My kids, little internet prowlers they are, have recently "discovered" that Walt wasn't exactly a saint.

Of course there is no shortage of stuff like this floating around. Any advice on how I should answer their questions? They are in intermediate school and old enough to ask serious questions so I feel I should give them serious answers. Agree?
 

Magenta Panther

Well-Known Member
Tell them that Walt Disney was a good man who created a lot of good things that are still enjoyed today. That is the truth. And also tell your kids that most of the bad stuff they hear about Walt is stuff made up by the envious or people who feel the values he espoused are a threat to their idea of progressiveness. Which is also the truth. Oh, and also tell them not to believe ANYTHING they see or hear on Family Guy or anything Seth McFarlane says. He lies like a dog, makes his living from offending people and slanders because he can't write good jokes. (Also the truth). :D
 

pumpkin7

Well-Known Member
Tell them that Walt Disney was a good man who created a lot of good things that are still enjoyed today. That is the truth. And also tell your kids that most of the bad stuff they hear about Walt is stuff made up by the envious or people who feel the values he espoused are a threat to their idea of progressiveness. Which is also the truth. Oh, and also tell them not to believe ANYTHING they see or hear on Family Guy or anything Seth McFarlane says. He lies like a dog, makes his living from offending people and slanders because he can't write good jokes. (Also the truth). :D
Seth McFarlane annoys me when it comes to Disney and Walt.
 

Seabasealpha1

Well-Known Member
Agree with all the above. Just tell them how to like question everything...and not to believe everything they see online...enforce that Walt was a good man...and just keep the love going all throughout...

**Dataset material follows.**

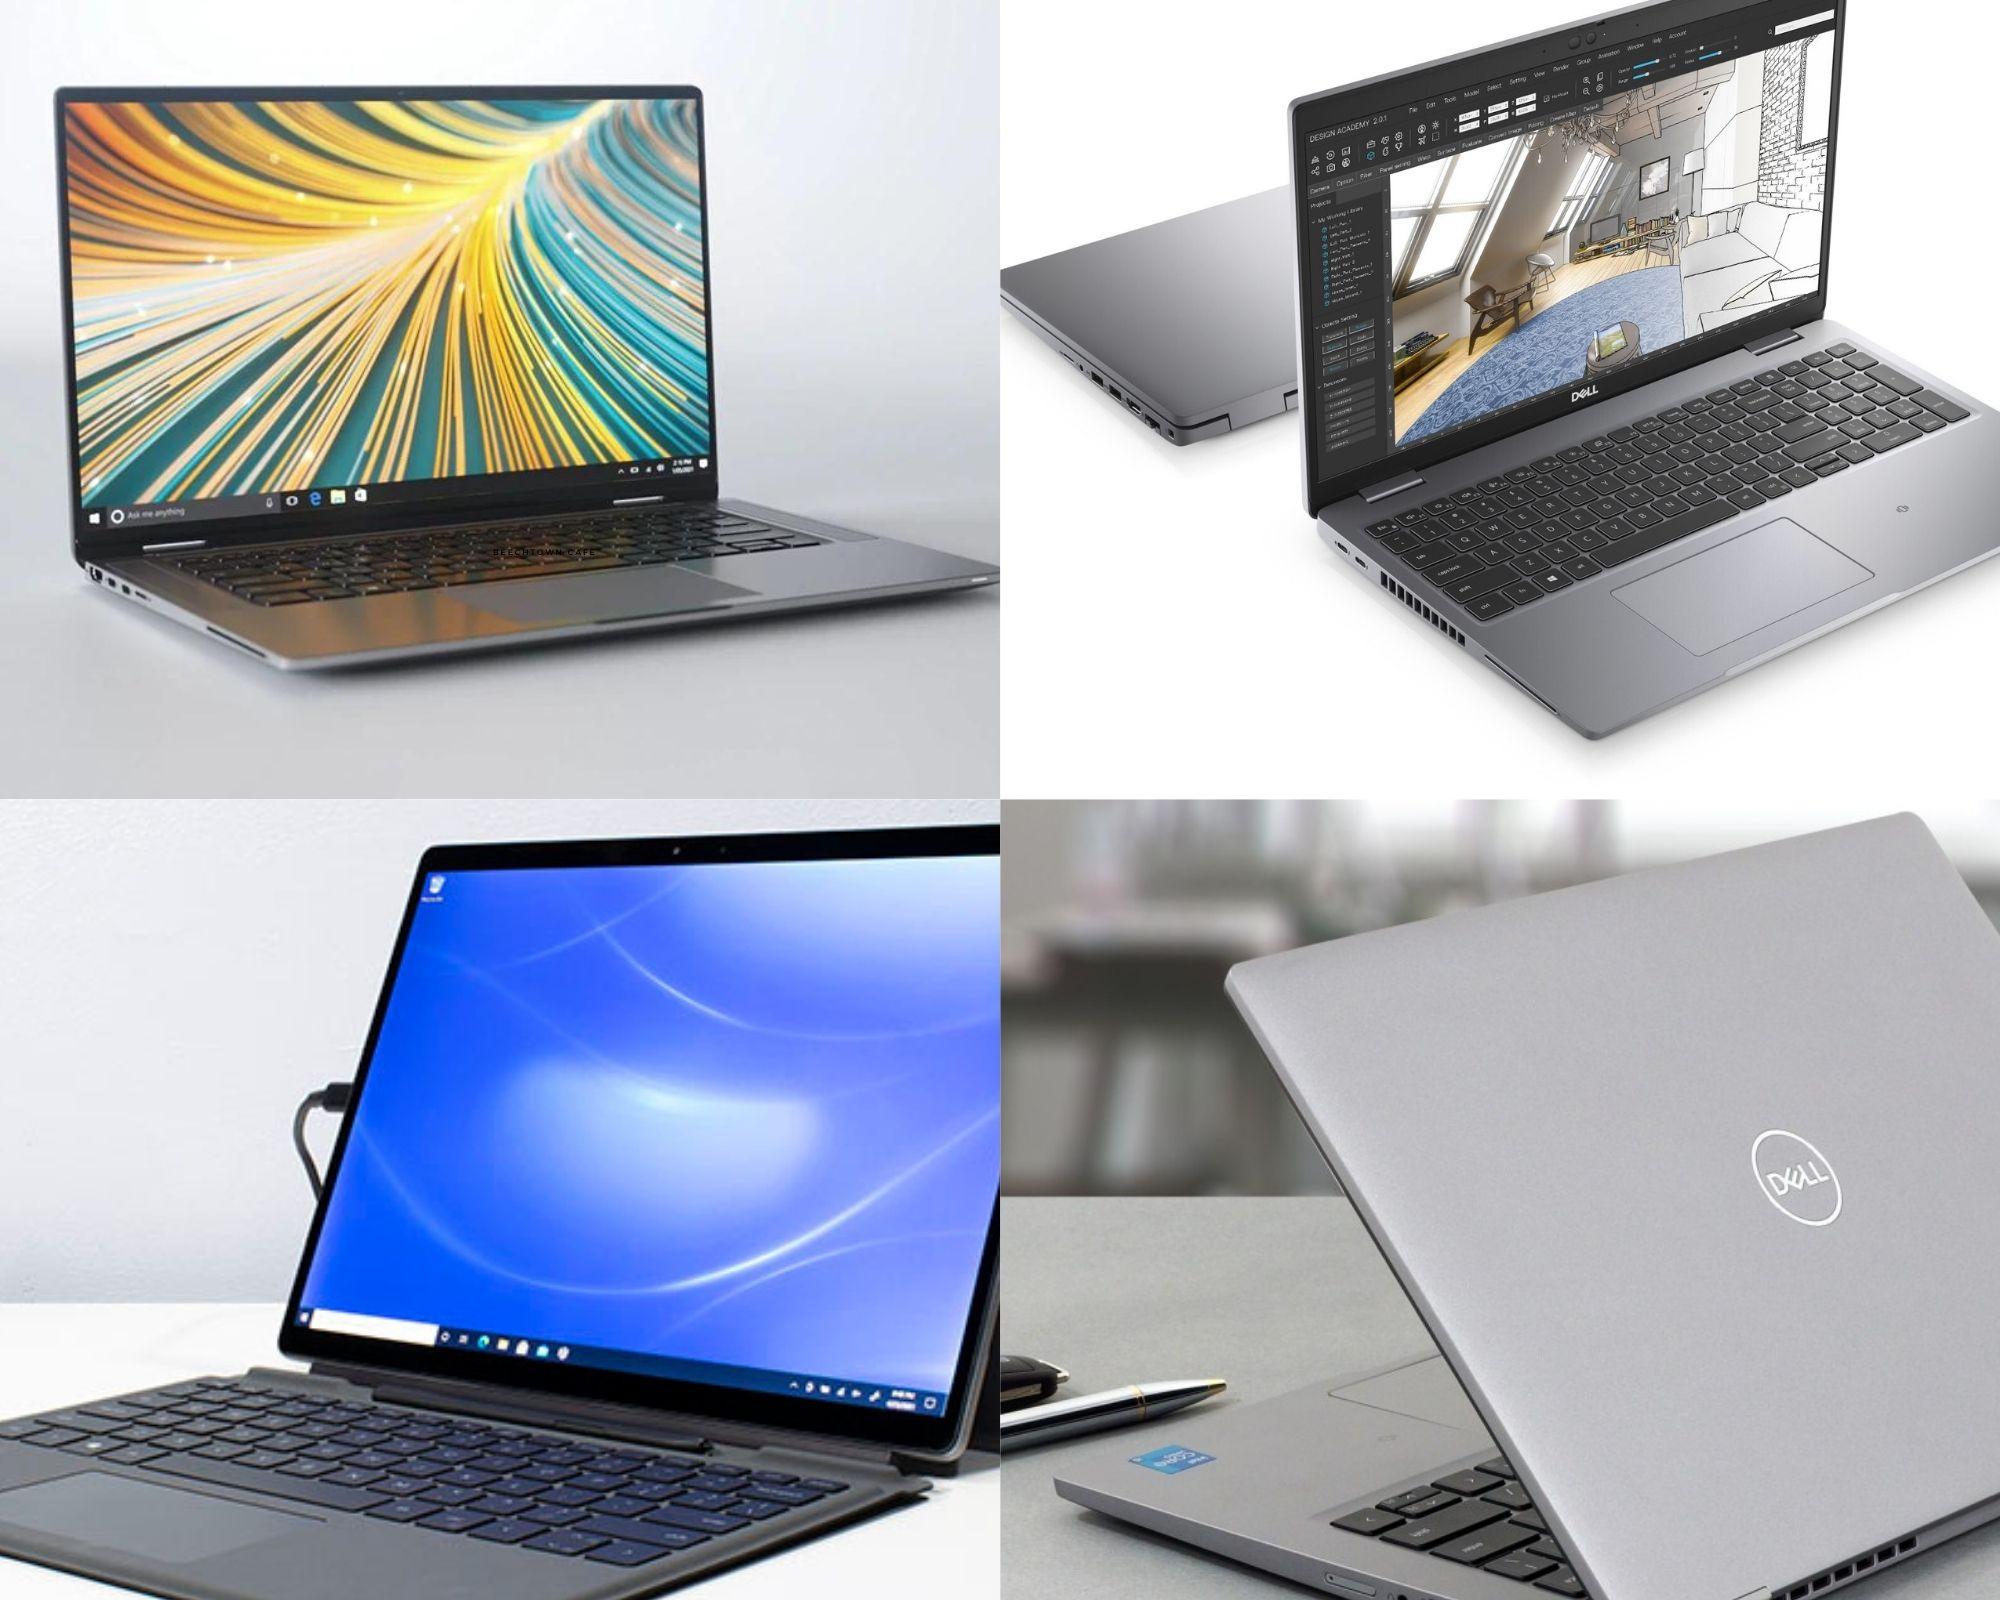 Dell Latitude Precision OptiPlex Laptop Desktop Launched in India

It is kinda bothersome some of the things people will believe...and say...I can't mention Walt on occasion without some slack-jawed redneck pulling out the Antisemitism card...gets on my last nerve...hang in there! Oh, and if it comes down to people saying Disney movies are racist and the like, just keep the idea that all the films were made with the best intentions at the forefront of your argument. I had to take a media analysis and criticism class taught by a ticked off Floridian feminist...trust me...she laid on the Disney hate real thick...and it was more than enough work to keep my mouth shut...just keep on the positive side...

best of luck!
 

WED99

Well-Known Member
Maybe it's time to share with your kids one of the hardest facts of life...

Everybody's a little bit racist.

However, when most of these "racist" films came out racism wasn't much of a thing. African Americans were considered to be lesser than whites. Not much was known about Native Americans, so the media made up their own stereotype. I don't get offended when I see your typical outback Australian wrestling a crocodile in movies, so I'm having a hard time believing Native Americans were offended by Peter Pan.

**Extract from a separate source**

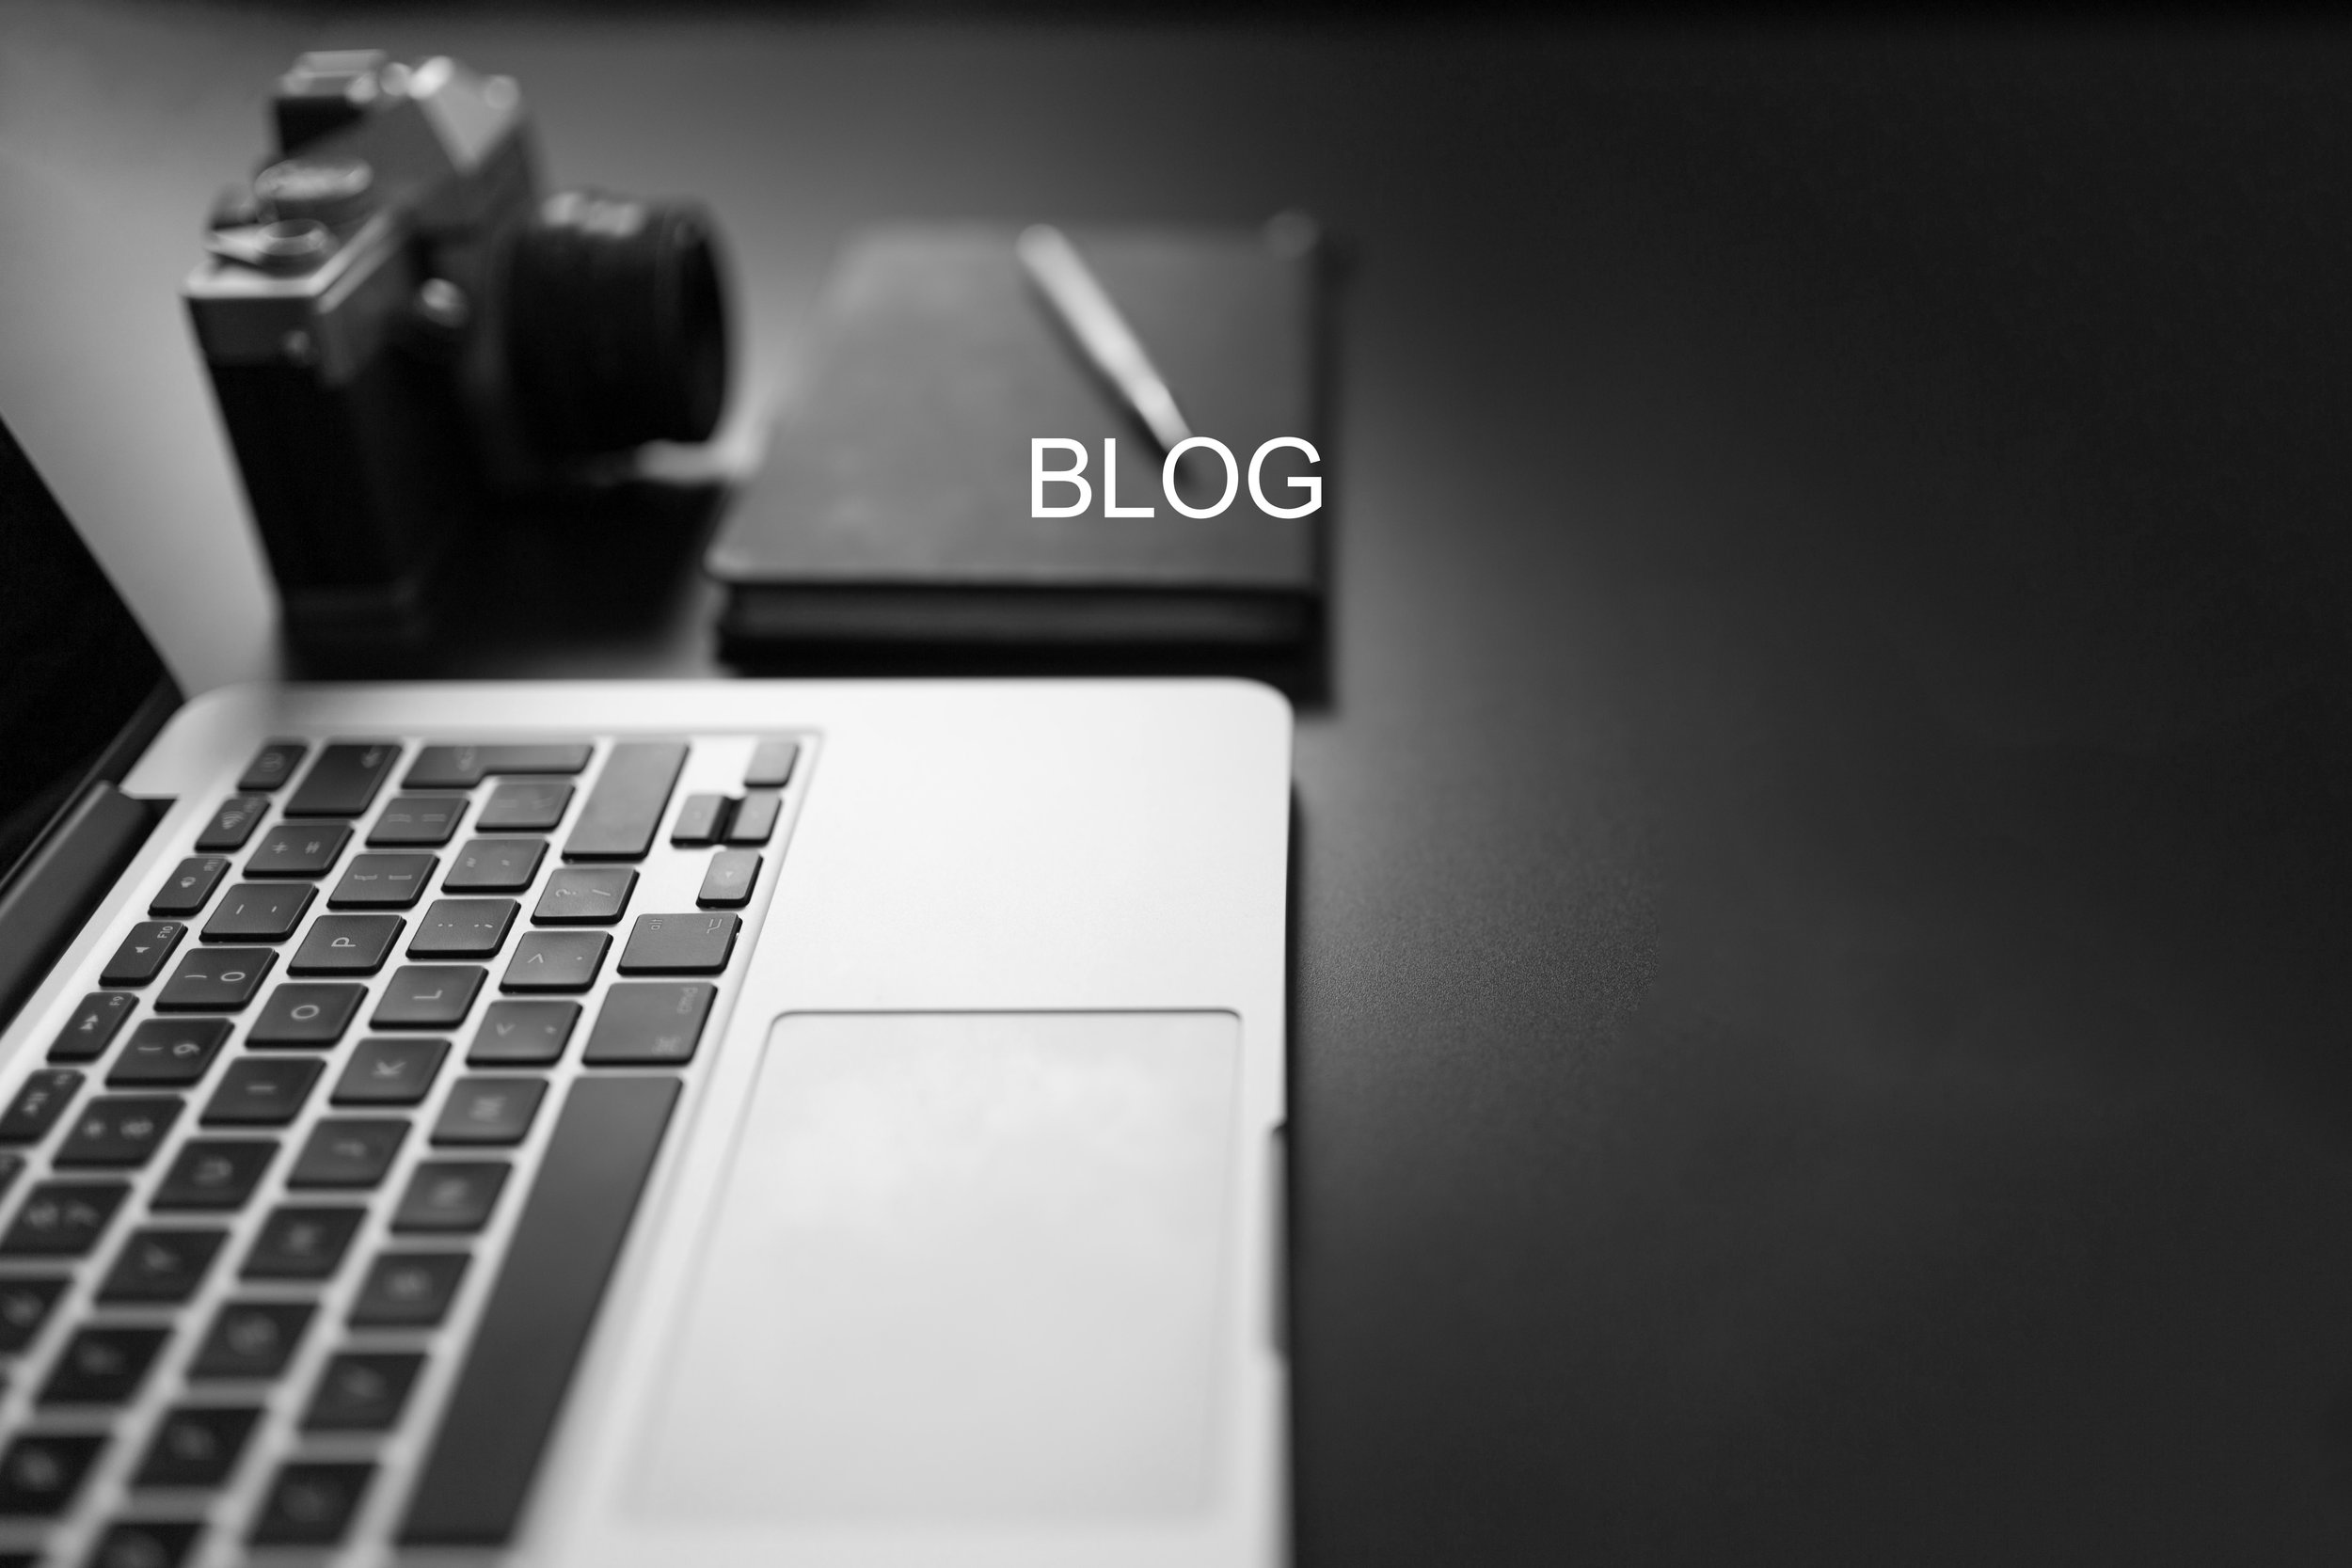 blog_head1-text.jpg

Going online and trying to single out Walt as a racist is almost identical to tattooing "Give me attention" on your forehead. Why can't people just focus on the fact he created things that make people happy?
 

donaldtoo

Well-Known Member
I've read 7 Walt Disney biographies, and knew he was no "saint" before ever reading the first. No sparkly Cool-Aide drinkin' or pixie dust snortin' here, 'cause (also being a CM) I've seen it, warts and all. That being said, Disney is my thing, and I love it more each day. And, more than anything, I want TWDC to return to Walt's original vision and standards.
Although, Walt was one of the most incredibly imaginative, visionary, creative, productive people in recent history and really gave a darn about the product he produced for ALL to enjoy, he was, yes...human!!! :eek: ;)
He was ALSO human at a different point in our history. But, no matter how you slice it, to me anyway, he was basically a pretty good man in heart and soul. :)
 

englanddg

One Little Spark...
Premium Member
I think a better talk wouldn't be how to "address whether Walt was a saint" or not...but more about understanding context and how to do proper research online to obtain a balanced perspective.

I wouldn't exactly call "Cracked.com" a viable news source (it's not, it's tongue in cheek humor...)

http://voices.yahoo.com/walt-disney-was-not-racist-1672959.html

I am very disappointed to see how many people are STILL perpetuating the nonsense that Walt hated Jews, or other ethnicities. Allow me to clear this up for anyone who is unsure.

I will illustrate my point by quoting from the book "How To Be Like Walt: Capturing the Disney Magic Every Day of Your Life" written by Pat Williams with Jim Denney, because they word it so much better than I could, and they quote credible sources.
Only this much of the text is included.